Монтеро развернул «Ковадонгу» и смело направился к «Центуриону». Корабли стремительно сближались. Ансон смотрел в подзорную трубу, пытаясь оценить силу противника. Длина орудийной палубы галеона составляла порядка 38 метров – на шесть метров короче, чем у «Центуриона». И по сравнению с 60 пушками «Центуриона», из которых многие стреляли одиннадцатикилограммовыми ядрами, на галеоне было всего 32 орудия, самое крупнокалиберное – всего шесть килограммов. По огневой мощи «Центурион» обладал явным превосходством.

Но у Монтеро имелось важное преимущество. На борту его корабля находилось 530 человек – намного больше, чем на «Центурионе», – и на «Ковадонге» в целом все были здоровы. Несмотря на более мощную артиллерию, матросов для задействования всего ее арсенала Ансону не хватало, поскольку много людей требовалось для управления кораблем. Из орудий «Центуриона» он решил развернуть только половину – те, что по правому борту; теперь, зная, что второго испанского корабля для атаки другого его фланга нет, он мог сделать это без опасений. Но и для обслуживания всех орудий одного только правого борта экипажа ему не хватало, поэтому вместо положенного минимума в восемь человек к каждой пушке он придал всего двоих. И каждая такая пара получила приказ только на заряжание и прочистку ствола банником. Одновременно несколько расчетов, по десять – двенадцать человек каждый, должны будут бегать от орудия к орудию, выдвигая их и производя запал. Ансон надеялся, что такой подход позволит ему поддерживать непрерывность огня. Коммодор принял еще одно тактическое решение. Заметив, что дощатые борта галеона над планширями на удивление низки, из-за чего офицеры и команда на палубе оставались незащищенными, десяток своих лучших стрелков Ансон разместил на верхушках мачт. Расположившись высоко над морем, они без труда могли уничтожать неприятелей.

По мере сближения кораблей командиры повторяли действия друг друга.
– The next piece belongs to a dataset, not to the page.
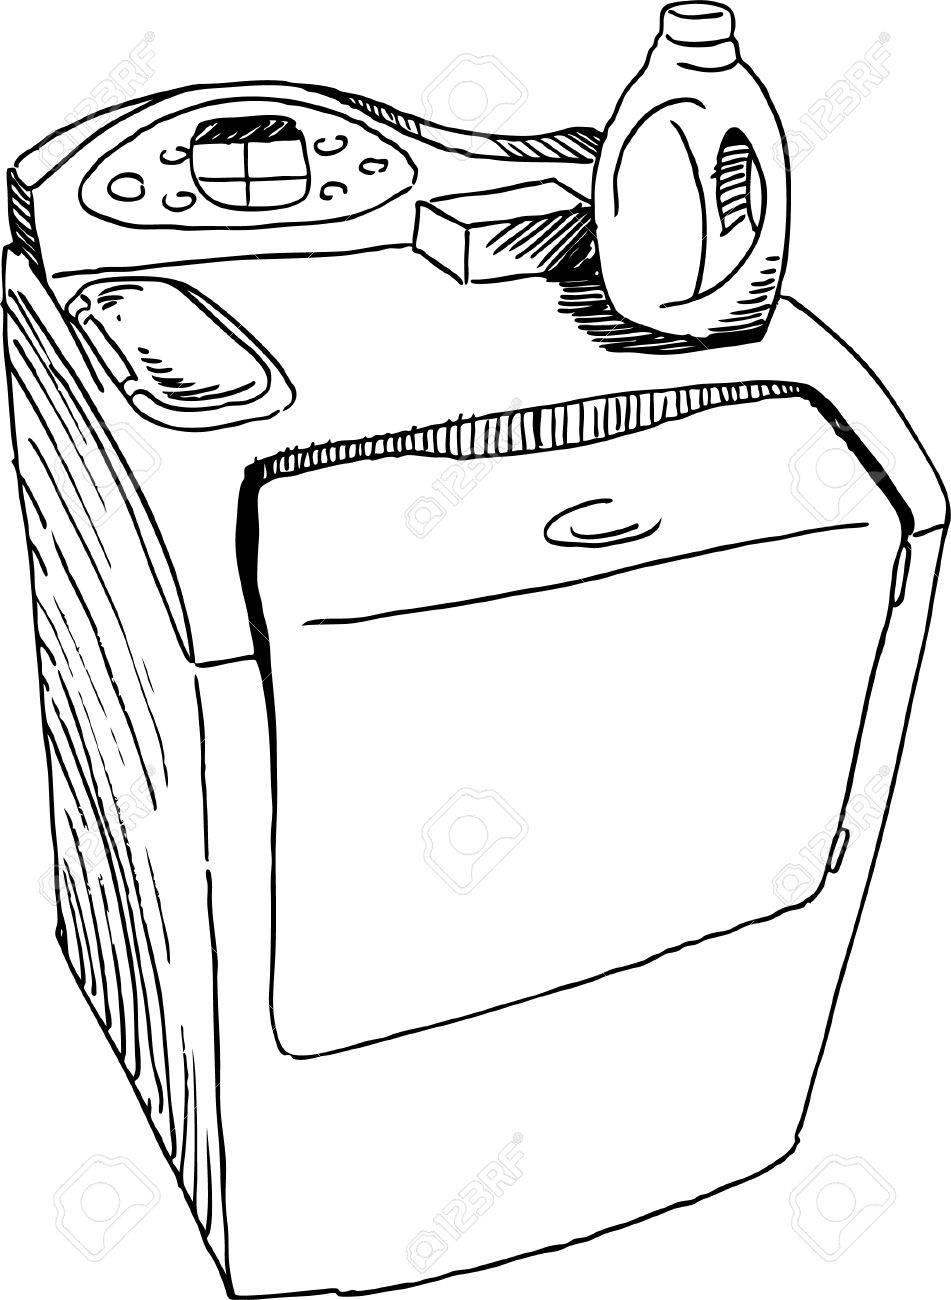 951x1300 Washing Machine Drawing Royalty Free Cliparts, Vectors, And Stock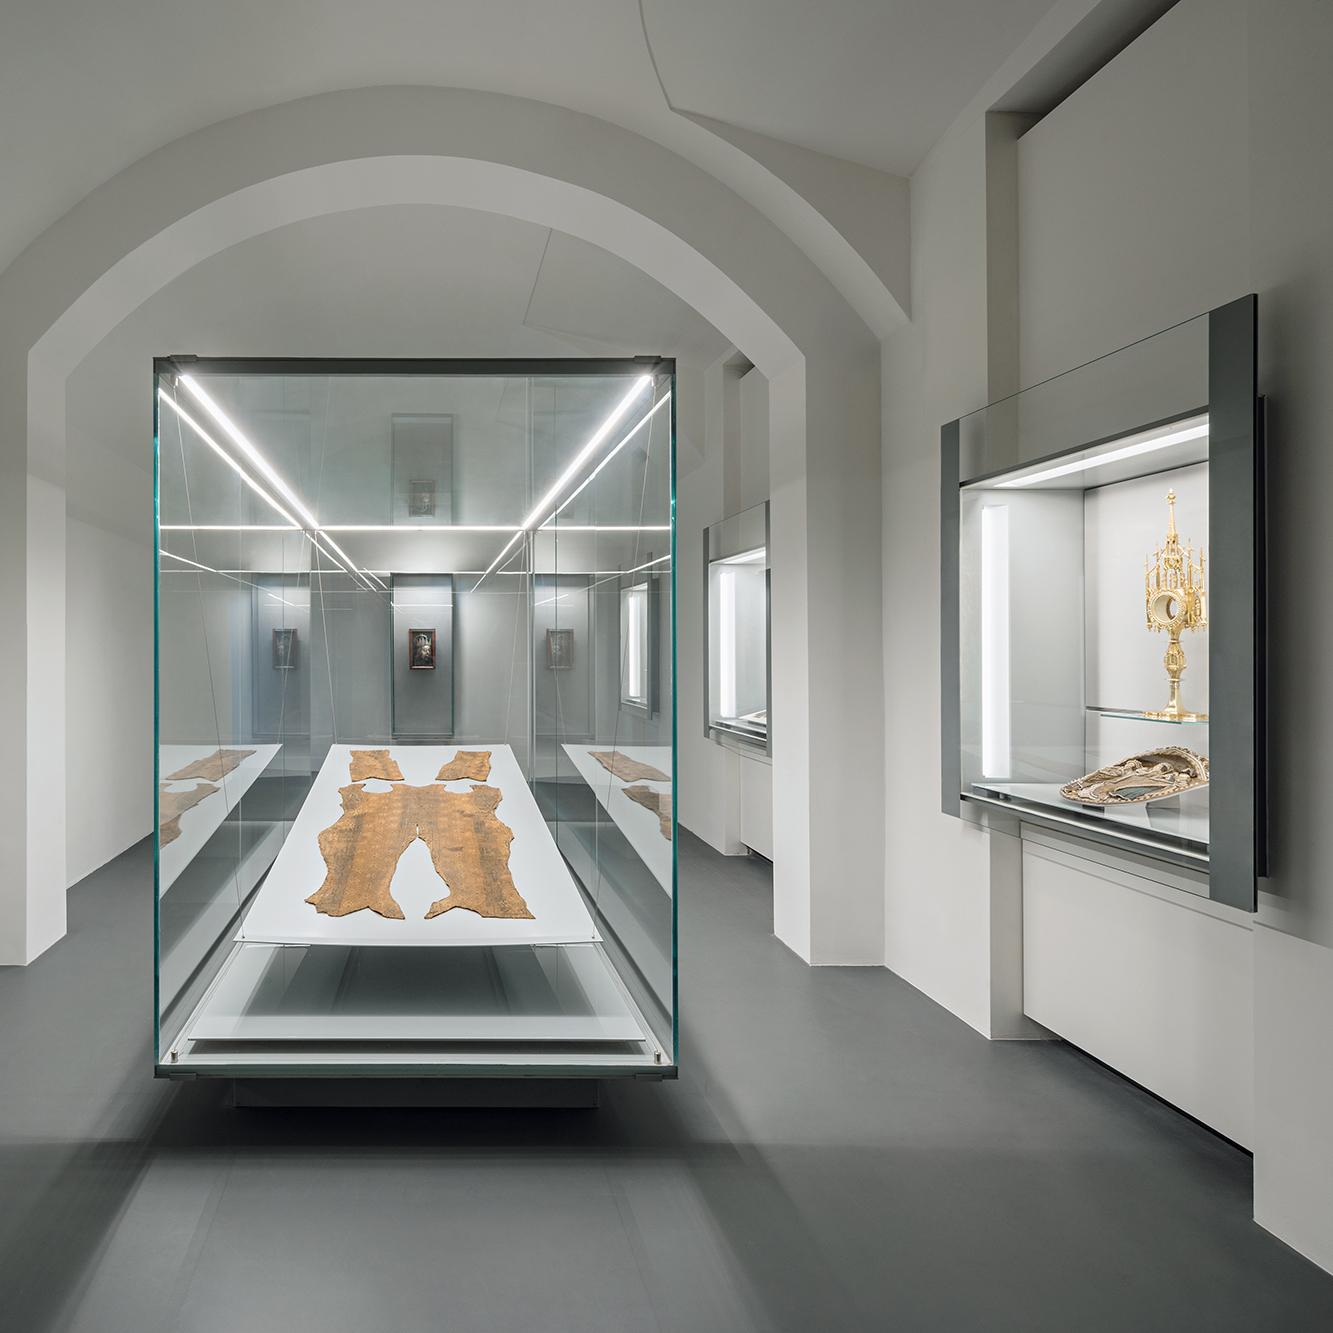 Hertha Hurnaus / Dom Museum Wien

После того как палубы очистили люди Ансона, то же самое проделала команда Монтеро, выбросив за борт ревущий скот и другую визжащую живность: как и Ансон, Монтеро разместил несколько своих людей со стрелковым оружием на верхушках мачт. Монтеро поднял алый, украшенный замками и львами испанский королевский флаг. В ответ Ансон поднял британский.

Оба командира открыли орудийные порты и выдвинули черные дула. Монтеро выстрелил, Ансон ответил. Выстрелы предназначались исключительно для запугивания противника: низкая точность орудий того времени не позволяла попасть по врагу с такого расстояния.

Вскоре после полудня, когда два корабля находились в пяти километрах друг от друга, поднялся шторм. Хлынул дождь, задул ветер, и море подернулось дымкой тумана – поле битвы самого Бога. Временами Ансон и его люди теряли галеон из виду, хотя и знали, что он где-то неподалеку. Опасаясь внезапного бортового залпа, они рыскали по морю. Затем раздался крик: «Вот он!» – и люди мельком увидели корабль, прежде чем он снова исчез. При каждом новом появлении галеон приближался. Три километра, два, один… Ансон, не желая вступать в бой с врагом, пока тот не окажется на расстоянии пистолетного выстрела, приказал не открывать огня: каждый снаряд должен достичь цели.

После возбуждения погони воцарилась пугающая тишина. Экипаж знал, что кому-то из них вскоре может оторвать руку или ногу, а то и как-то страшнее изуродовать. Сумарес, лейтенант, отметил, что надеялся «с радостью встретить смерть»[694] всякий раз, когда от него требовал долг. Некоторые люди Ансона настолько разволновались, что у них свело живот.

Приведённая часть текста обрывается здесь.